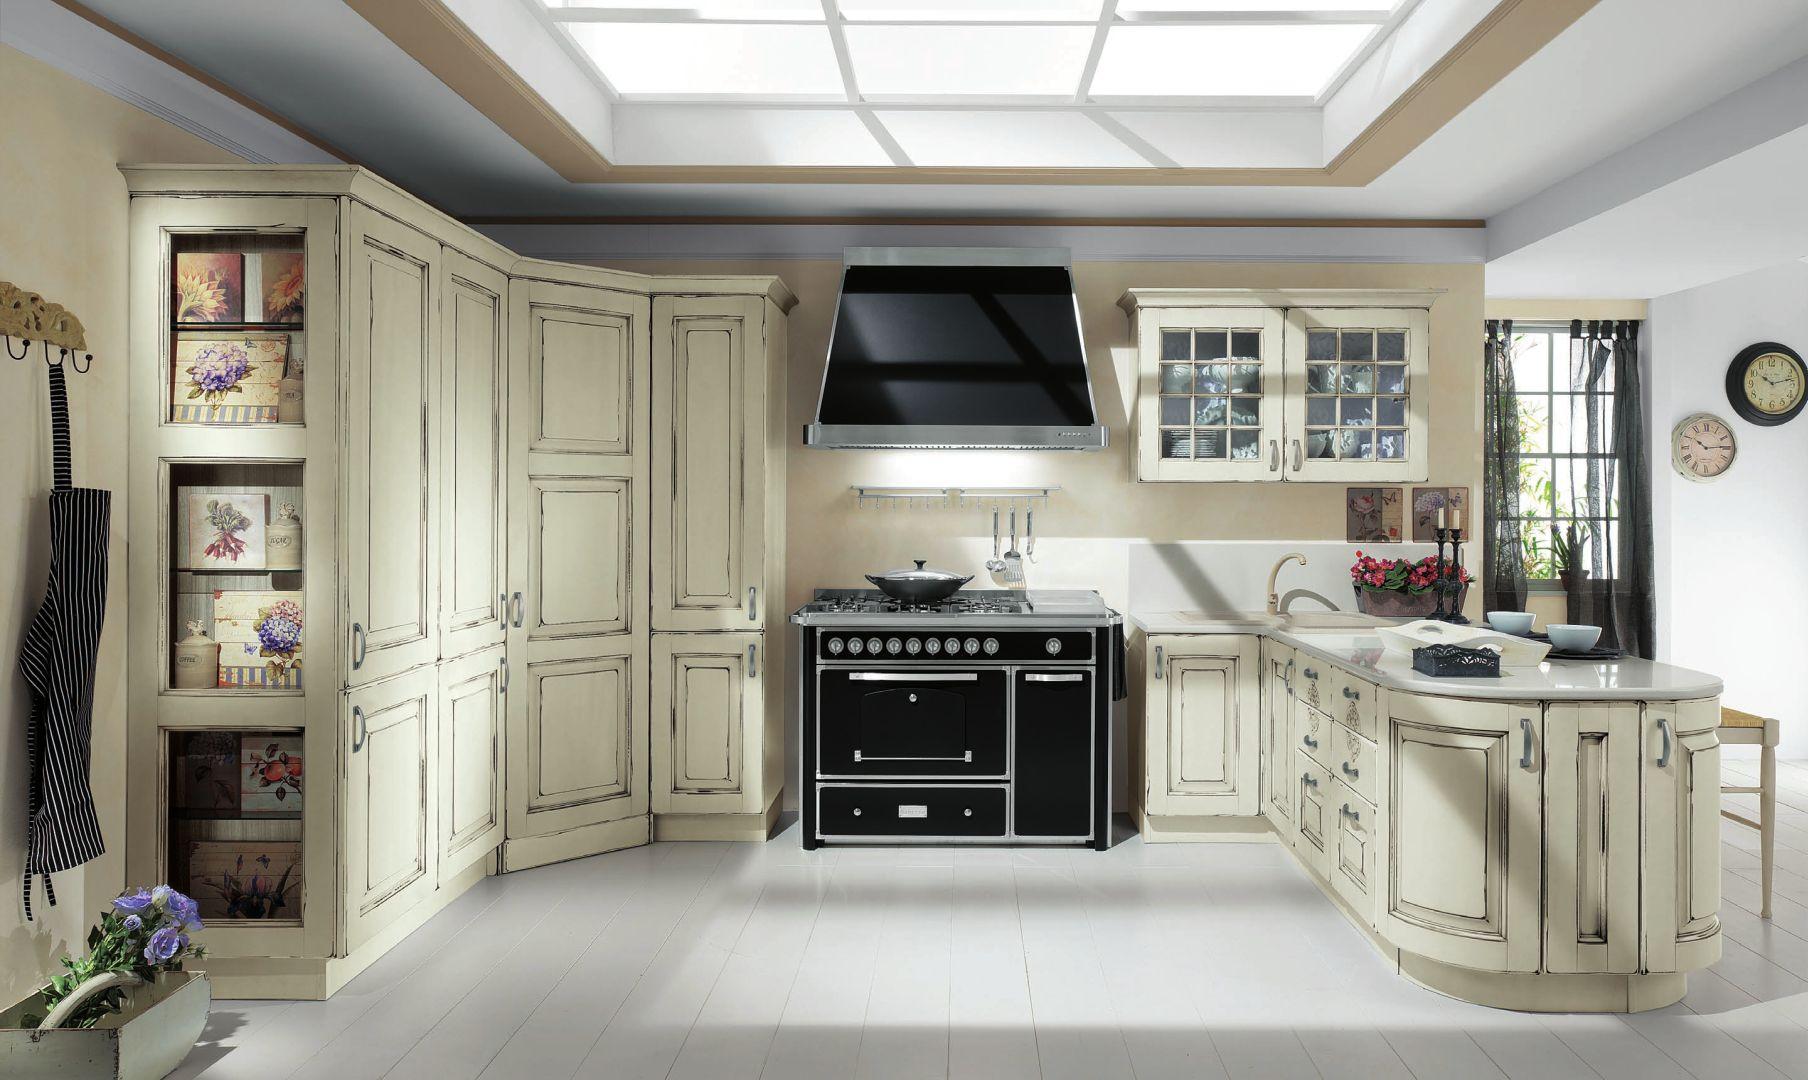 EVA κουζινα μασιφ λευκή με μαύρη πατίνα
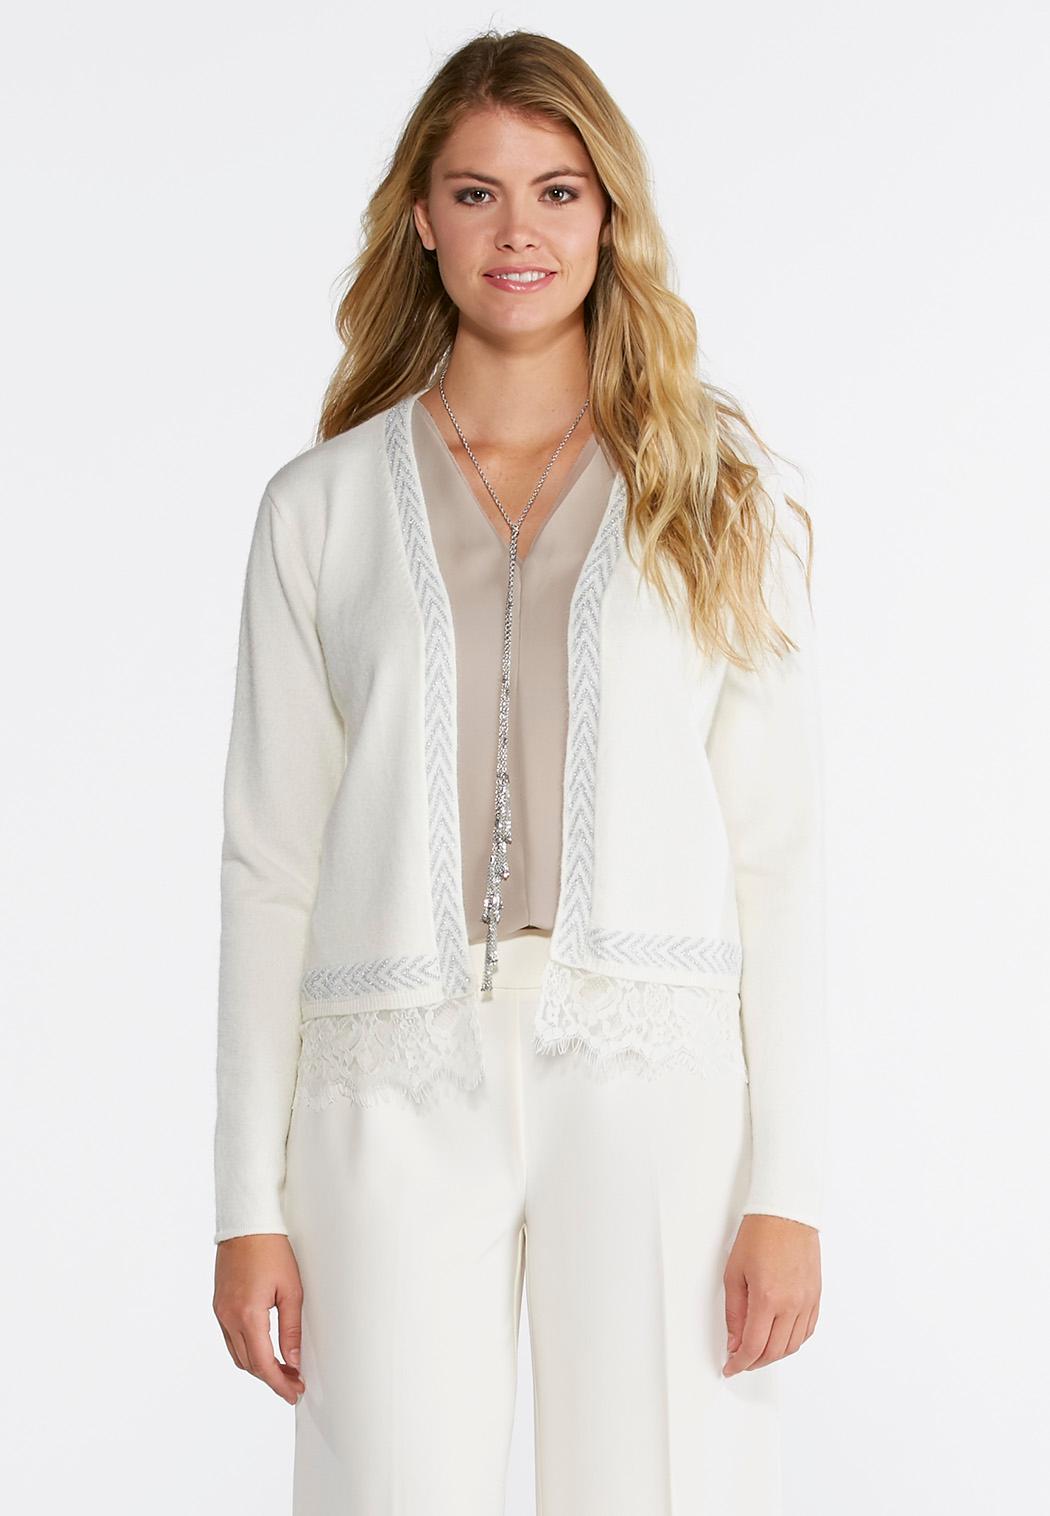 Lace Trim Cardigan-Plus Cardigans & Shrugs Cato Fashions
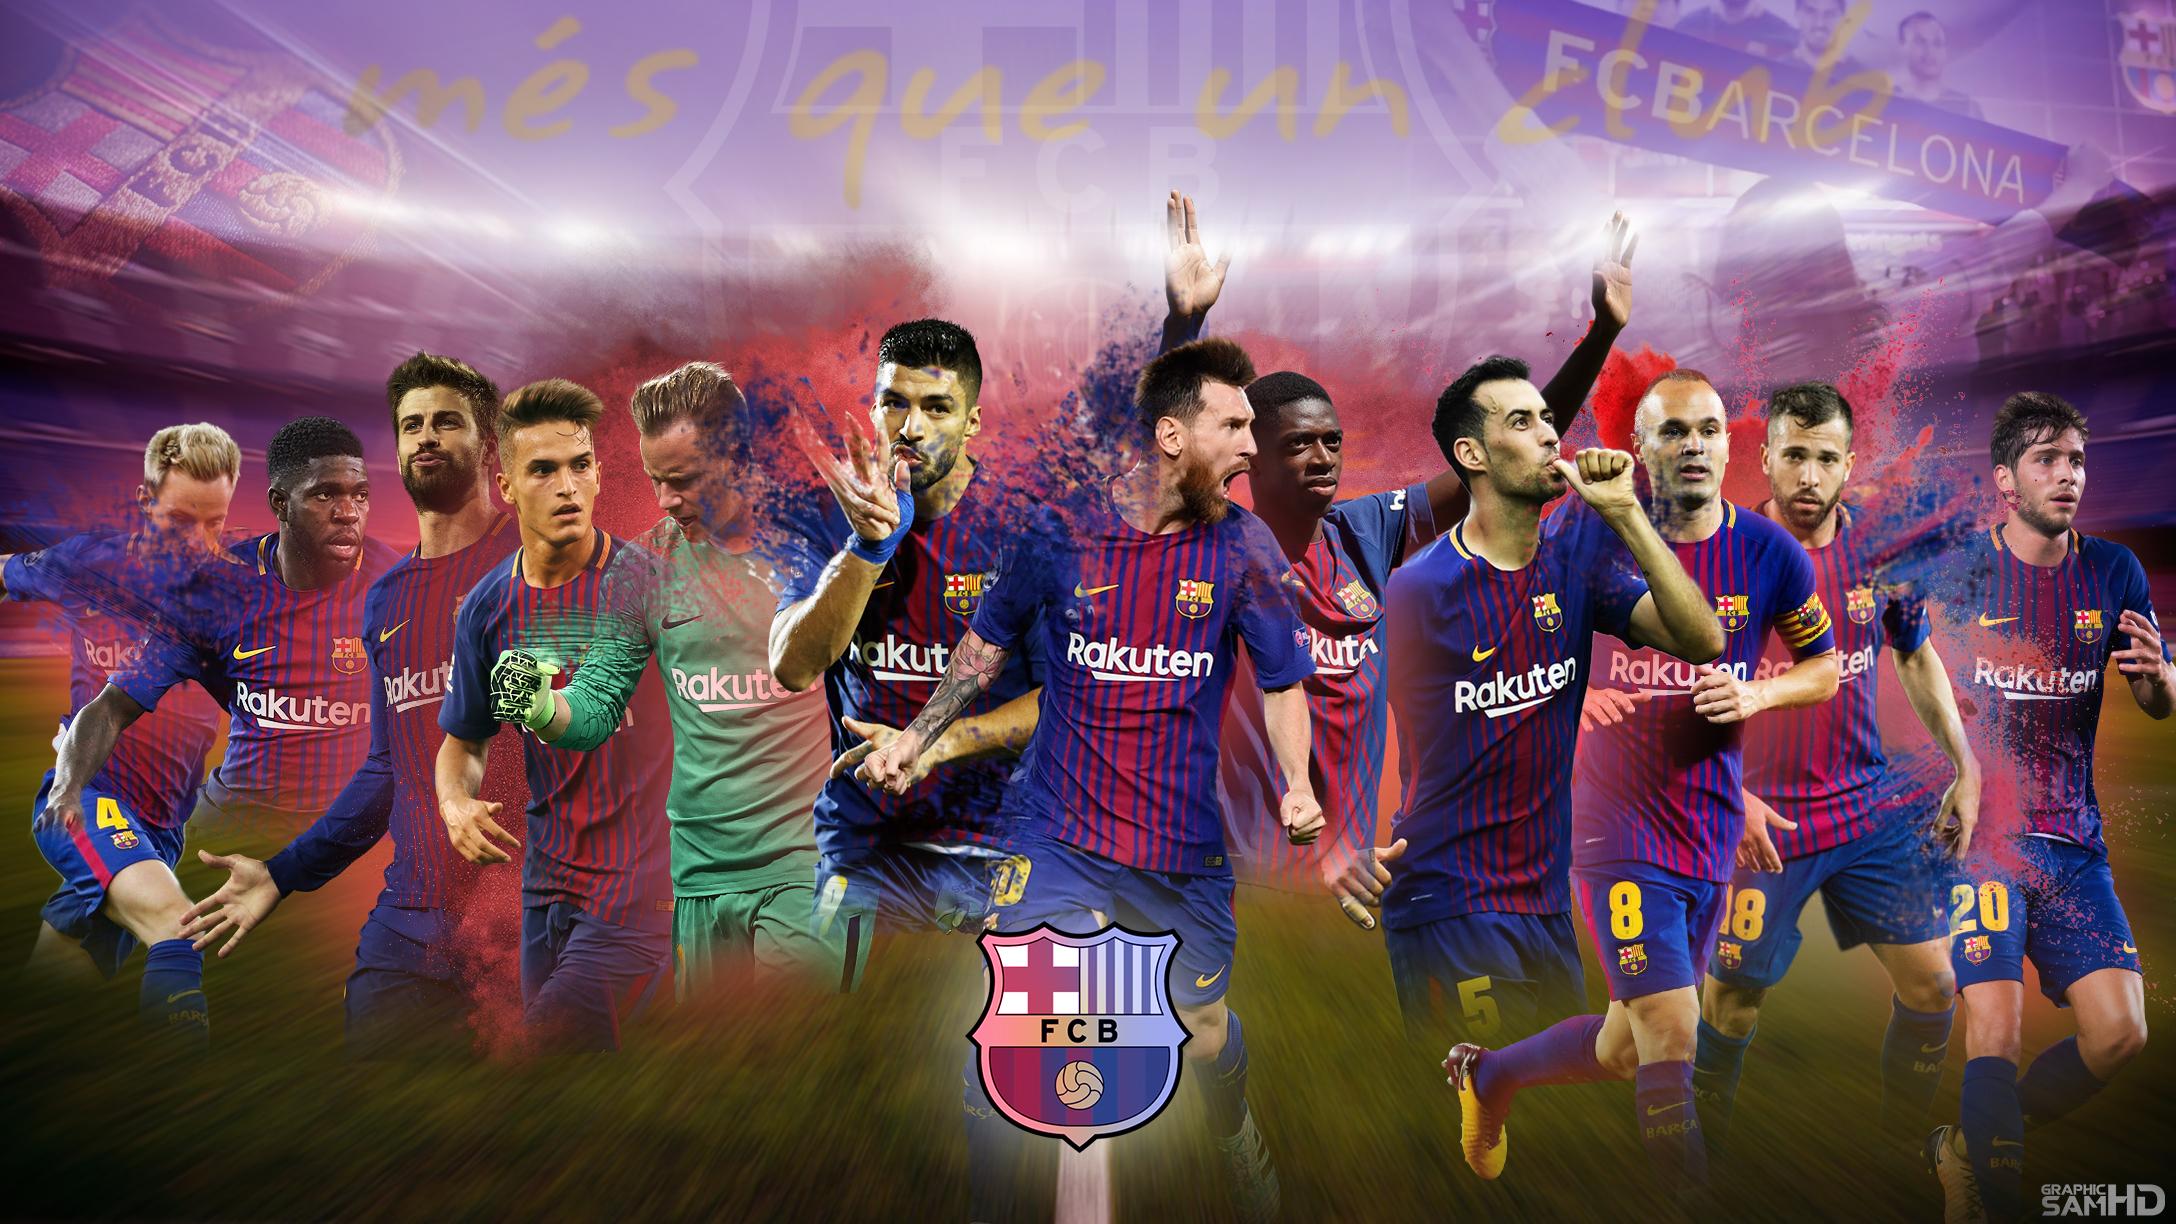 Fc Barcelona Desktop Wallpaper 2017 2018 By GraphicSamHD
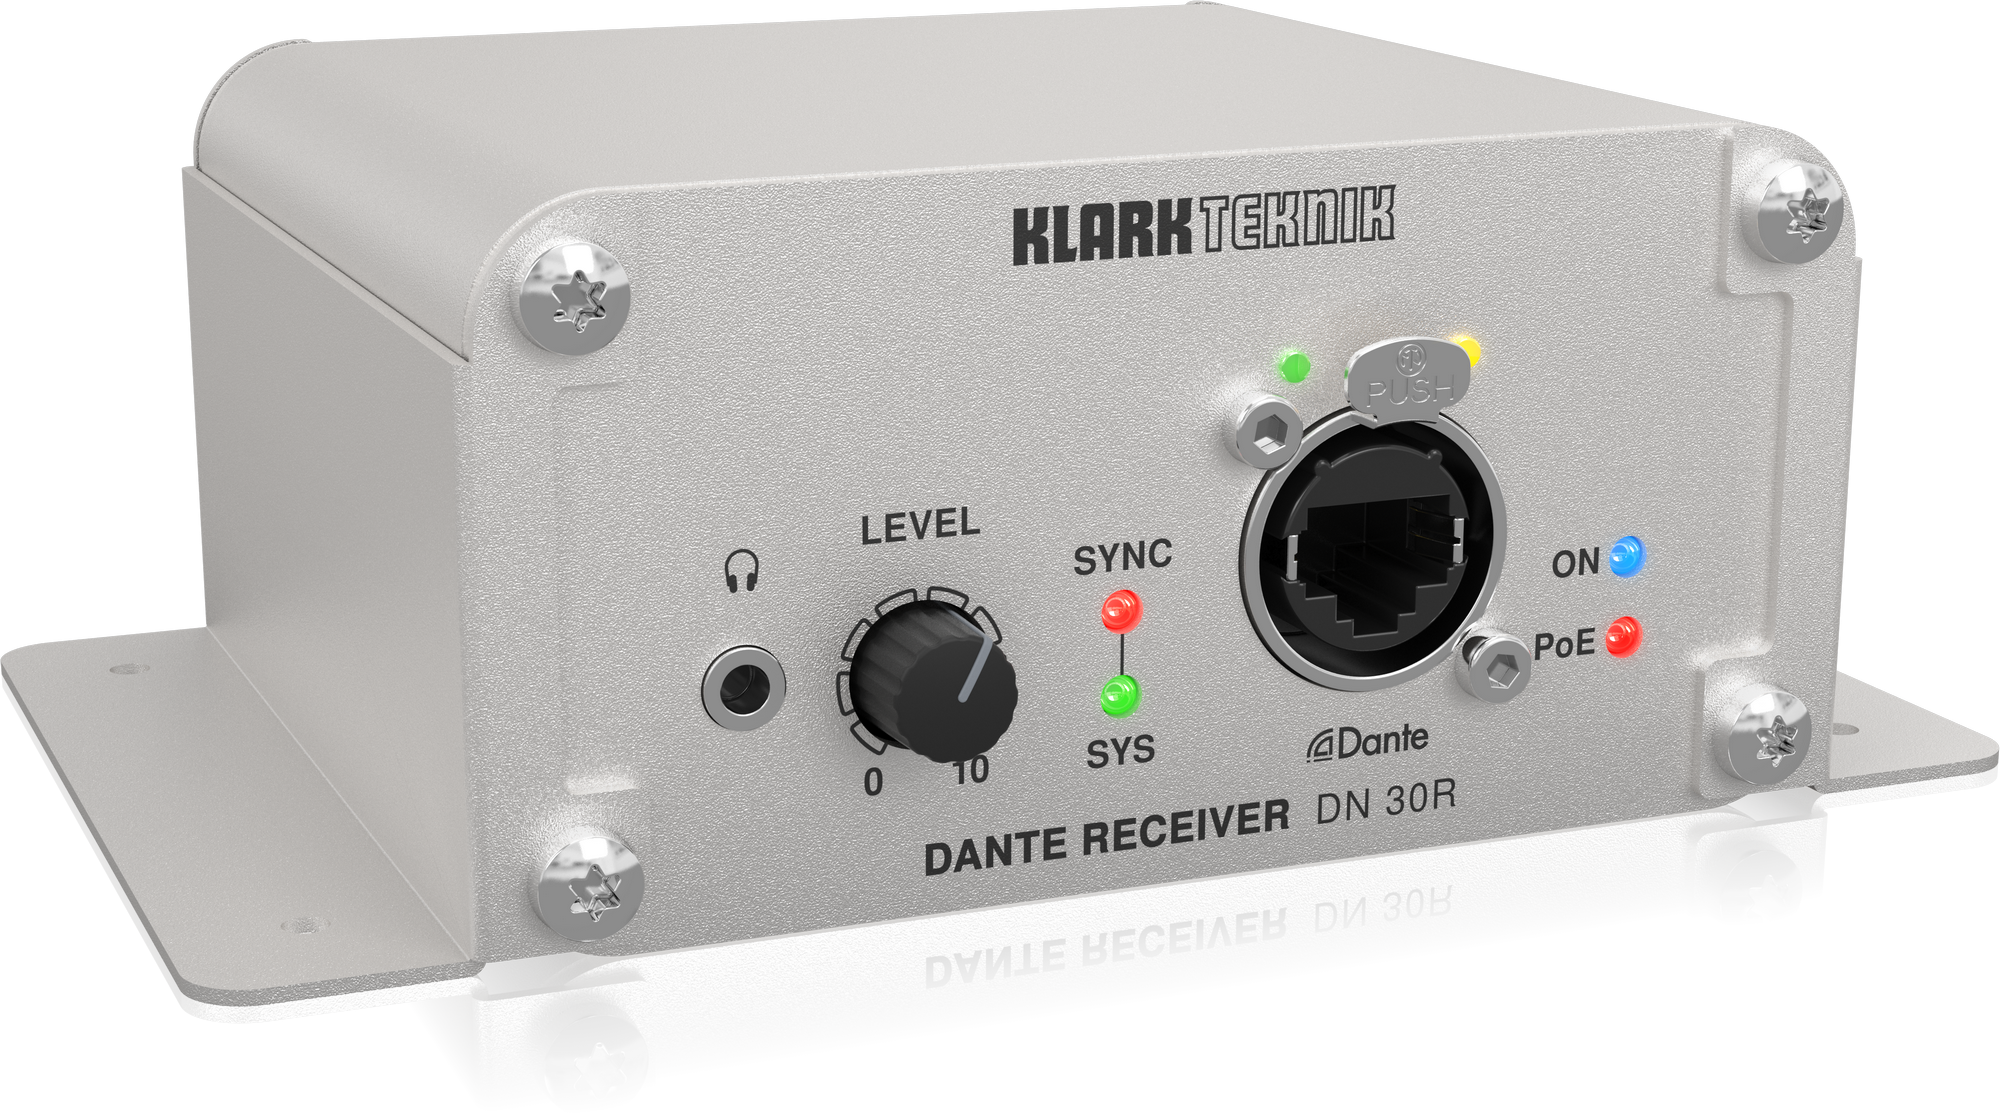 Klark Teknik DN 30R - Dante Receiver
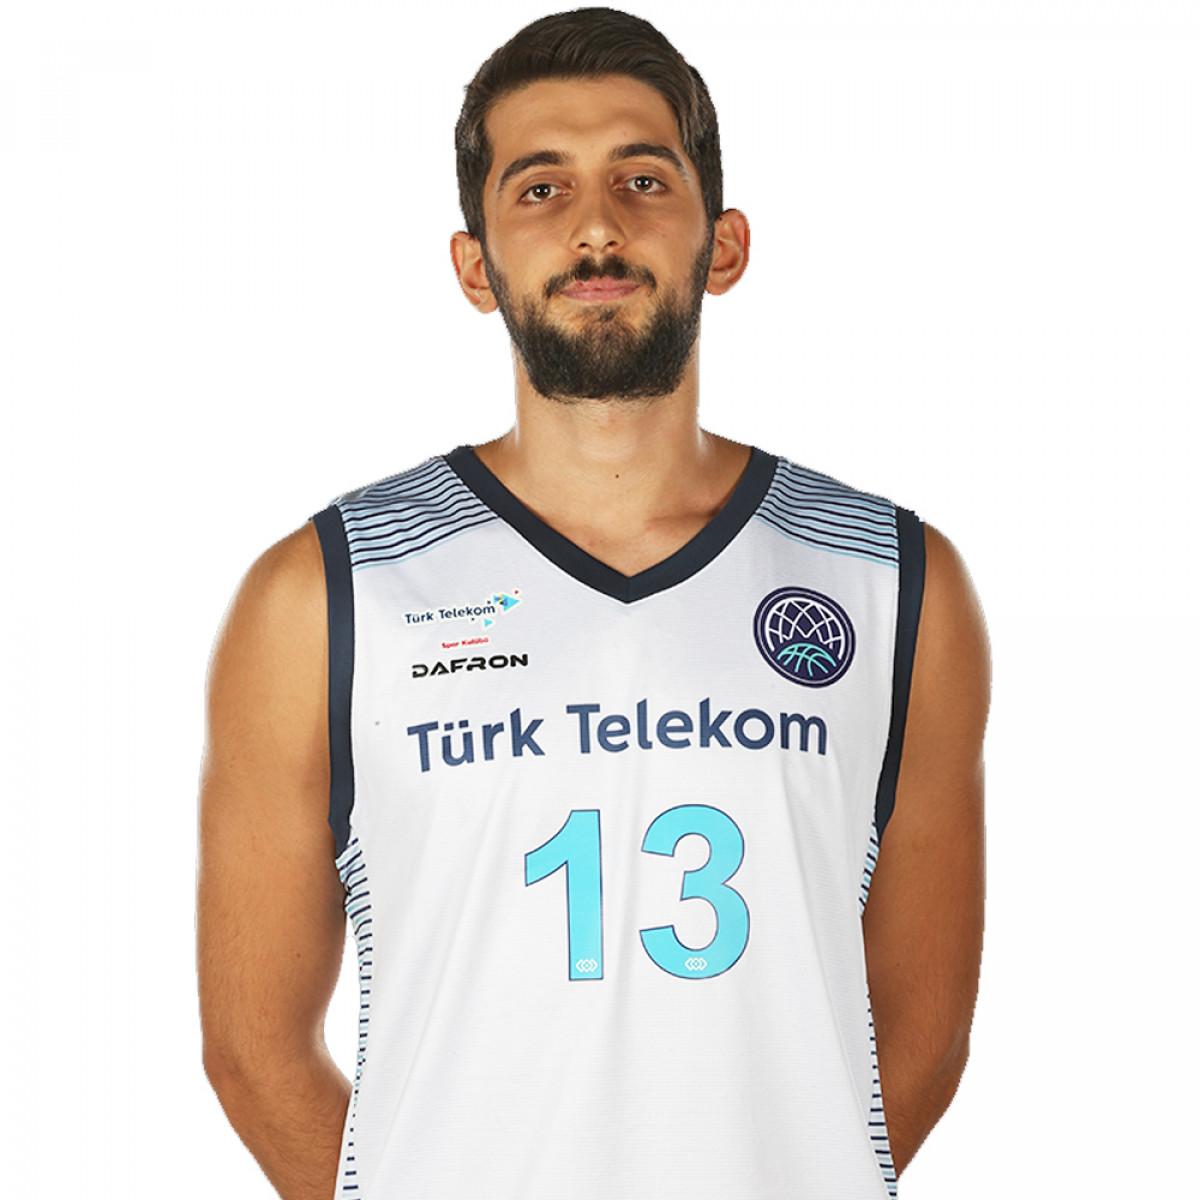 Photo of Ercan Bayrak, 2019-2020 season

* _What you have to do_:
Write out the material above exactly; no pictures.

* _Exercise answer_:
 EVA κουζινα μασιφ λευκή με μαύρη πατίνα
 Lace Trim Cardigan-Plus Cardigans & Shrugs Cato Fashions
 Fc Barcelona Desktop Wallpaper 2017 2018 By GraphicSamHD
 Klark Teknik DN 30R - Dante Receiver
 Photo of Ercan Bayrak, 2019-2020 season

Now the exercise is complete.